All commands auto-detect the repository root from your current directory. Use `--repo <path>` to override.

## Supported Languages

| Support Level | Languages | Parsing | File Operations |
|---------------|-----------|---------|-----------------|
| Full parsing | Rust (`.rs`), Python (`.py`) | Definitions, references, imports, calls | Read, write, edit, search, move, delete |
| Standard parsing | JavaScript (`.js`, `.jsx`, `.mjs`, `.cjs`), TypeScript (`.ts`, `.mts`, `.cts`), TSX (`.tsx`), Go (`.go`), Java (`.java`), C (`.c`, `.h`), C++ (`.cpp`, `.cc`, `.cxx`, `.hpp`, `.hxx`, `.hh`), C# (`.cs`), Ruby (`.rb`), Scala (`.scala`, `.sc`), Kotlin (`.kt`, `.kts`), Swift (`.swift`) | Definitions, references, calls (imports where available by grammar/query) | Read, write, edit, search, move, delete |
| Basic parsing | Bash (`.sh`, `.bash`, `.zsh`), Lua (`.lua`), Elixir (`.ex`, `.exs`), Haskell (`.hs`, `.lhs`) | Definitions, calls | Read, write, edit, search, move, delete |
| Structure only | JSON (`.json`), TOML (`.toml`), YAML (`.yml`, `.yaml`), CSS (`.css`), HTML (`.html`, `.htm`) | Structural definitions (keys/sections/selectors/elements) | Read, write, edit, search, move, delete |
| File operations only | All other files || Read, write, edit, search, move, delete |

## State & Storage

Lumora stores its index under `.lumora/` in your repository root:

```
.lumora/
  graph.db    # SQLite database with the semantic graph
```

Add `.lumora/` to your `.gitignore`. The index is fully regenerable from source.

## Platform Support

Linux, macOS, and Windows. CI runs on all three via GitHub Actions.

## Troubleshooting

**MCP server not starting?** Reinstall and re-register:

```bash
cargo install lumora --force
```

Then re-add the MCP server in your client (see setup instructions above).

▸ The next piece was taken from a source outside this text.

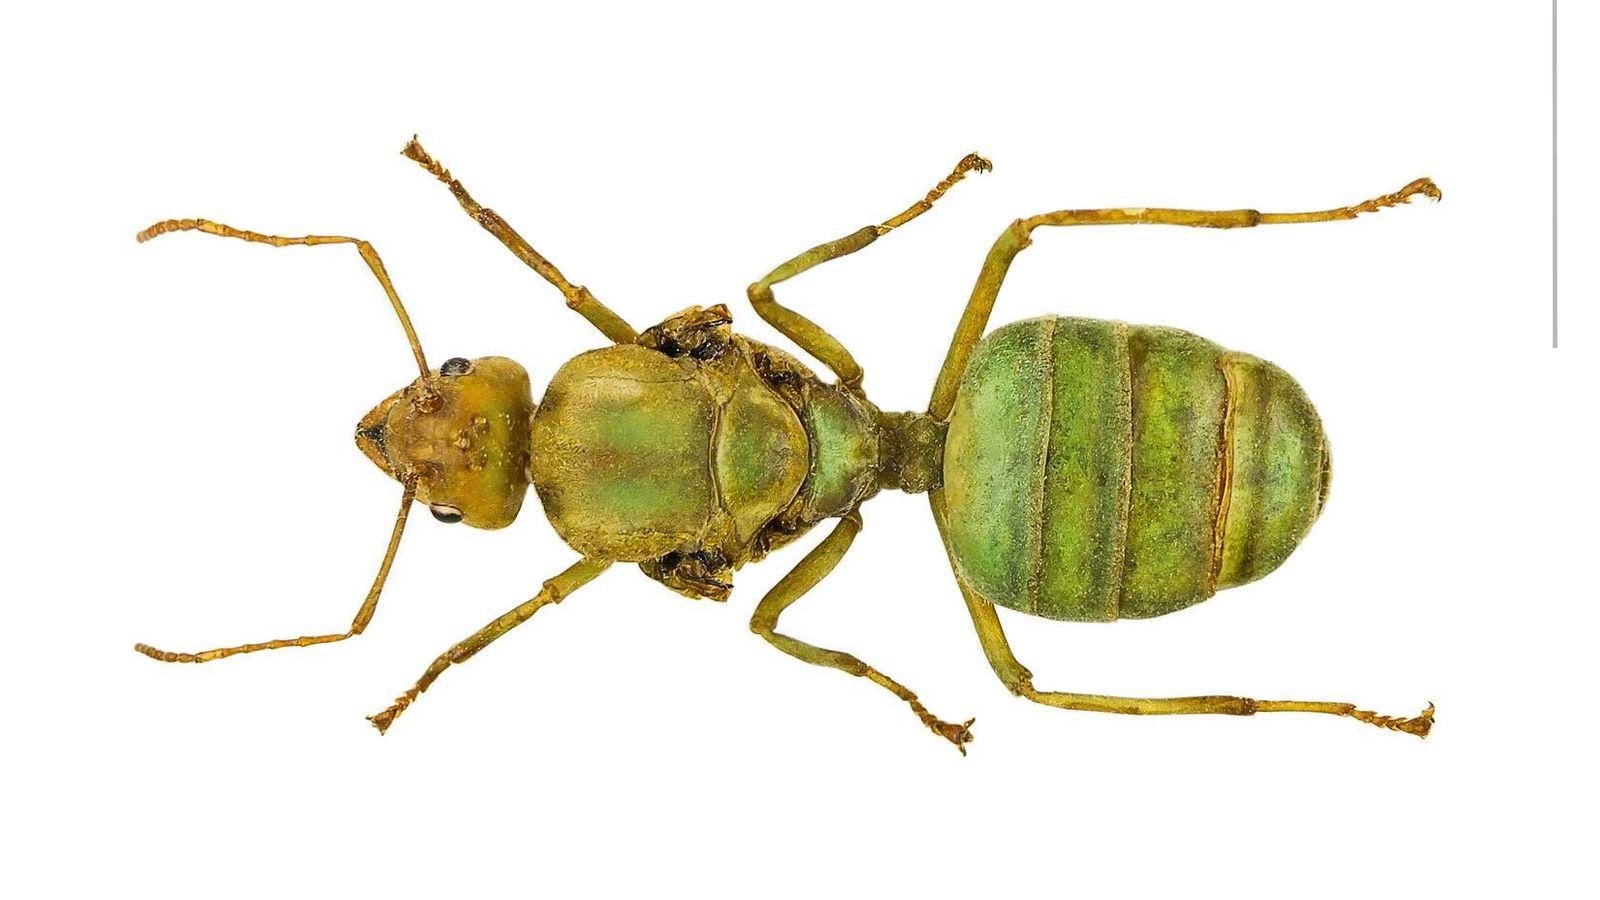 Une reine des fourmis tisserandes de l'espèce O.smaragdina, trouvée dans la mangrove de Phuket, en Thaïlande.

**Slow startup?** Some MCP clients have configurable timeouts. If your client supports it, increase the MCP server startup timeout to 30 seconds.

**Index stale?** Run `lumora index` or use `lumora serve --full-first` for automatic re-indexing on file changes.

## Contributing

See [CONTRIBUTING.md](CONTRIBUTING.md) for development setup, and [CHANGELOG.md](CHANGELOG.md) for release history.

## License

Dual-licensed under [MIT](LICENSE-MIT) or [Apache 2.0](LICENSE-APACHE), at your option.